根拠: MandiantはAPIコールによる特定クラウド環境のバックアップ取得に限定された活動と結論づけており、マルウェア混入や製品改ざんの痕跡はない。

🏢 組織規模別助言

– 小規模(〜50名): ベンダー推奨の全リセットを優先。管理アクセスのIP制限とMFA強制、バックアップ無効化や周期ローテーションを簡素な運用で徹底。
– 中規模(50〜500名): SIEMでクラウド監査ログとIdPログを集約。
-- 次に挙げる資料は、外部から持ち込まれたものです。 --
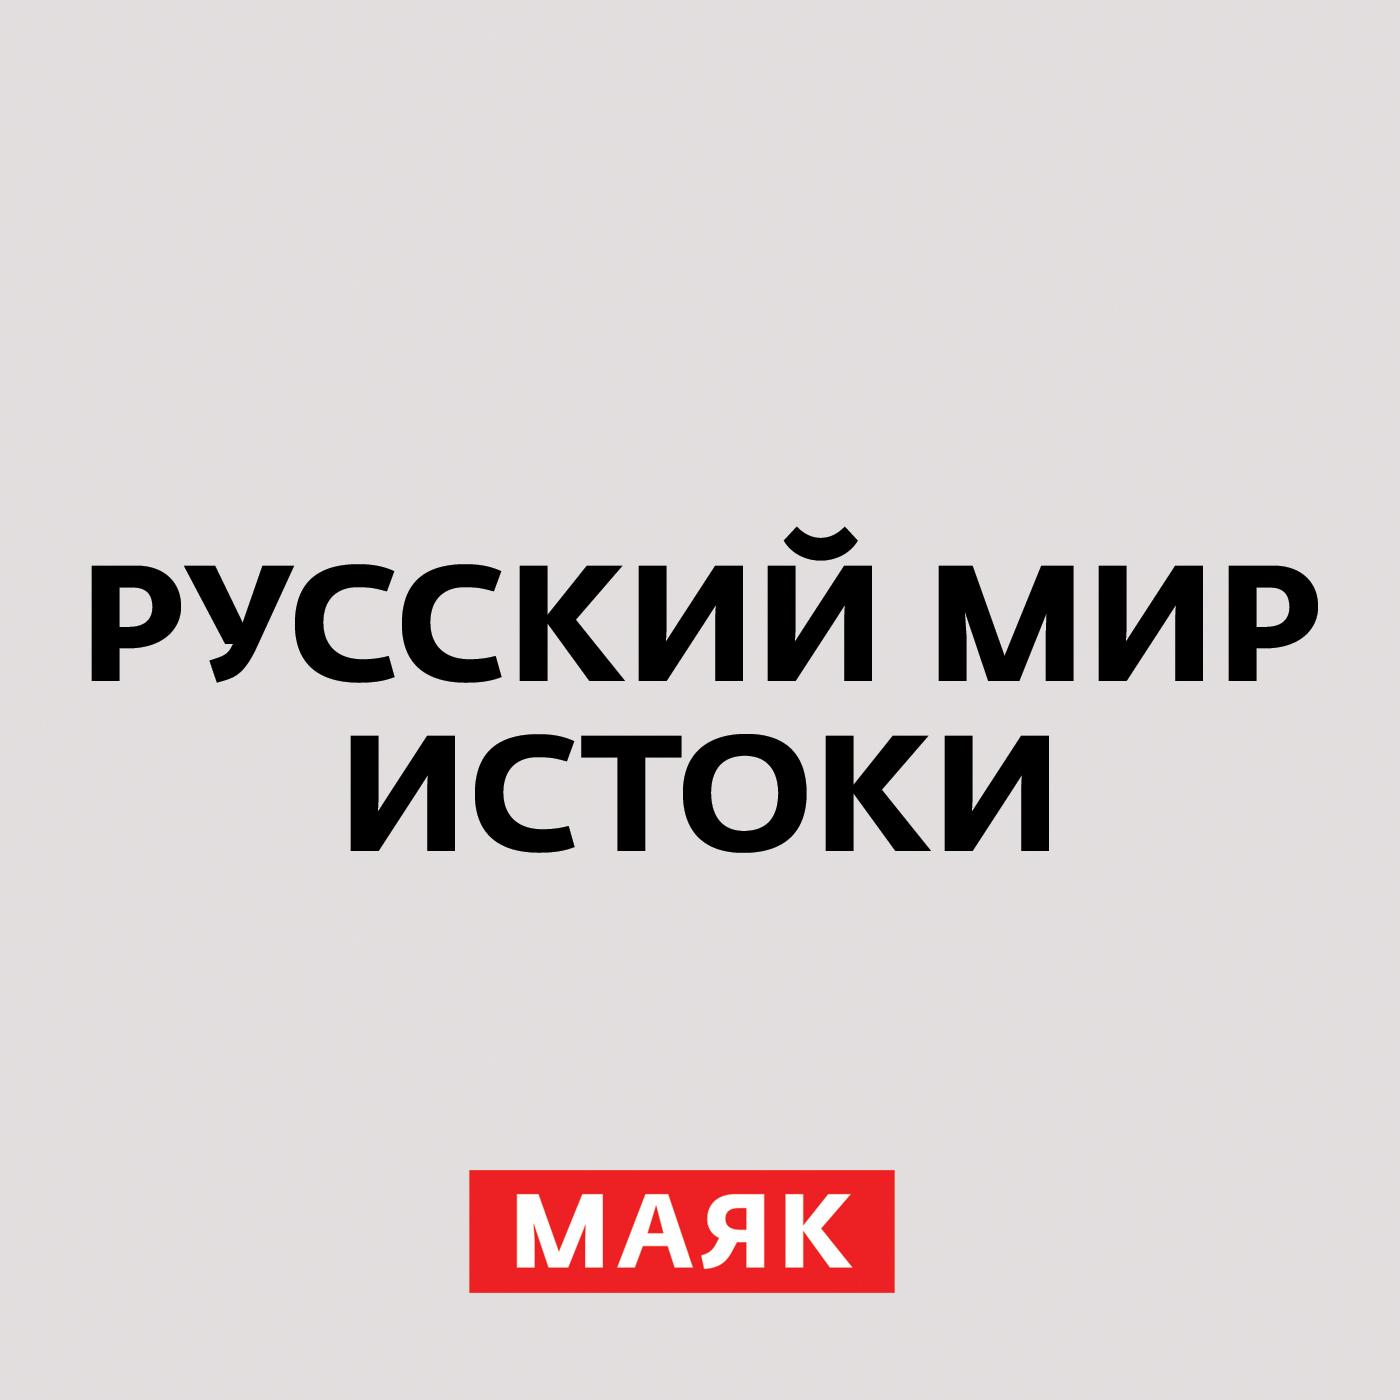 Творческий коллектив радио «Маяк» Великий князь Ярослав творческий коллектив радио маяк великий князь ярослав
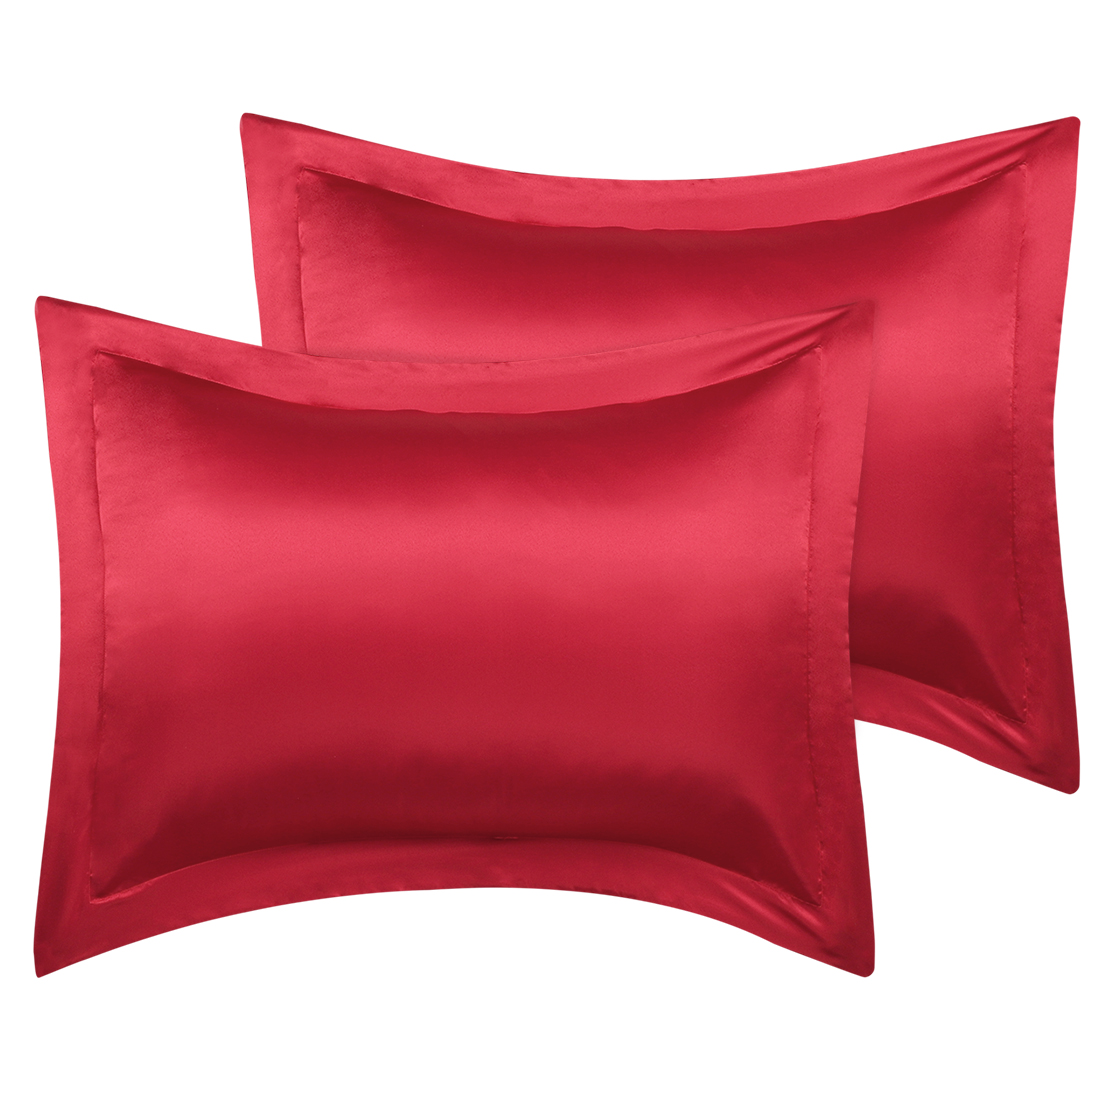 2 Pcs Wine Red Pillow Shams Satin Pillow Cases Boudoir Oxford Pillowcases

条件付きアクセス、特権アカウントのJIT化、PSKから証明書ベースVPNへの段階移行を計画。
– 大規模(500名〜): バックアップ分離ドメインと専用KMS、DLP/UEBAでの大量取得検知、セキュリティ境界ごとのシークレット階層化、レッドチームによる資格情報露出の定期検証。

🔎 類似事例

– Snowflake環境での2024年認証情報悪用によるデータ流出(有効資格情報とAPIの悪用)。
– Okta 2023年サポートケース侵害(HARファイルに含まれたトークン悪用)。
– AkiraランサムウェアによるSonicWall VPNアカウント狙い撃ち(正規資格情報の悪用)。
注: いずれも本件との直接的因果関係は確認されていない。

🧭 次の一手

直ちに資格情報・鍵・共有シークレットを全更新し、クラウド監査ログの30〜90日遡及調査を実施。次に、バックアップ設計からのシークレット排除と鍵管理のローテーション自動化、APIアクセスの許可リスト化を進める。詳細手順はシークレットローテーション運用ガイドとクラウド監査ログの検知プレイブックを参照して継続的に改善してほしい。CVSSに基づくCVEは本件に固有には存在しない(製品脆弱性ではないため)。